Publisher: University of Pennsylvania Press
ISBN: 0812205642
Category : Political Science
Languages : en
Pages : 342
Book Description
It is commonly assumed that slavery came to an end in the nineteenth century. While slavery in the Americas officially ended in 1888, millions of slaves remained in bondage across Africa, Asia, and the Middle East well into the first half of the twentieth century. Wherever laws against slavery were introduced, governments found ways of continuing similar forms of coercion and exploitation, such as forced, bonded, and indentured labor. Every country in the world has now abolished slavery, yet millions of people continue to find themselves subject to contemporary forms of slavery, such as human trafficking, wartime enslavement, and the worst forms of child labor. The Anti-Slavery Project: From the Slave Trade to Human Trafficking offers an innovative study in the attempt to understand and eradicate these ongoing human rights abuses. In The Anti-Slavery Project, historian and human rights expert Joel Quirk examines the evolution of political opposition to slavery from the mid-eighteenth century to the present day. Beginning with the abolitionist movement in the British Empire, Quirk analyzes the philosophical, economic, and cultural shifts that eventually resulted in the legal abolition of slavery.
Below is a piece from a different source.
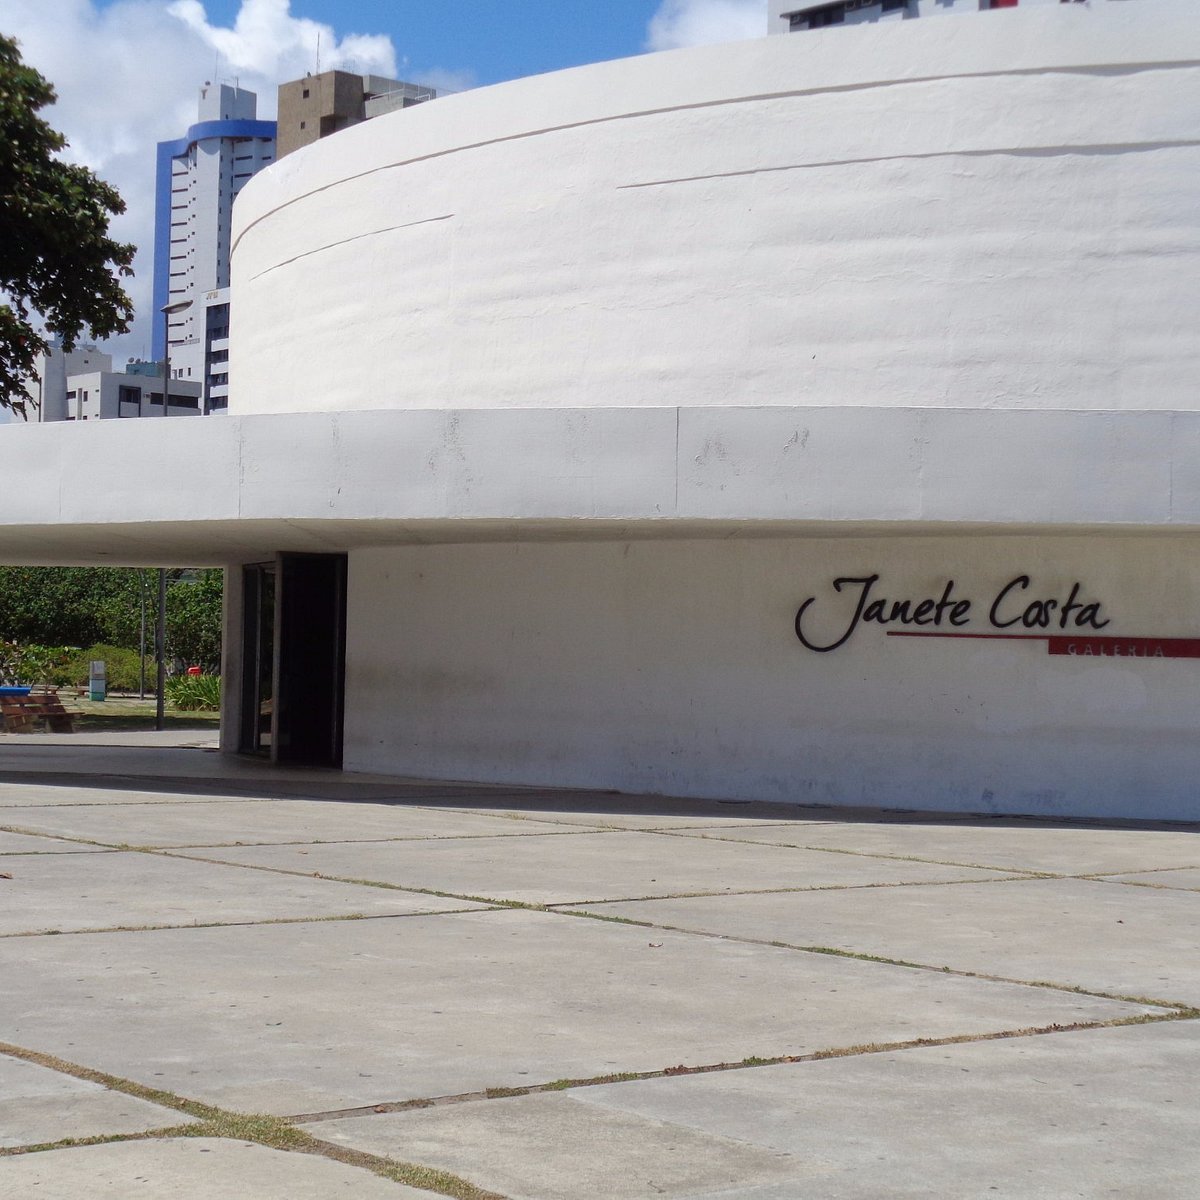 O que fazer à noite em Boa Viagem Recife Galeria Janete Costa

By viewing the legal abolition of slavery as a cautious first step—rather than the end of the story—he demonstrates that modern anti-slavery activism can be best understood as the latest phase in an evolving response to the historical shortcomings of earlier forms of political activism. By exposing the historical and cultural roots of contemporary slavery, The Anti-Slavery Project presents an original diagnosis of the underlying causes driving one of the most pressing human rights problems in the world today. It offers valuable insights for historians, political scientists, policy makers, and activists seeking to combat slavery in all its forms.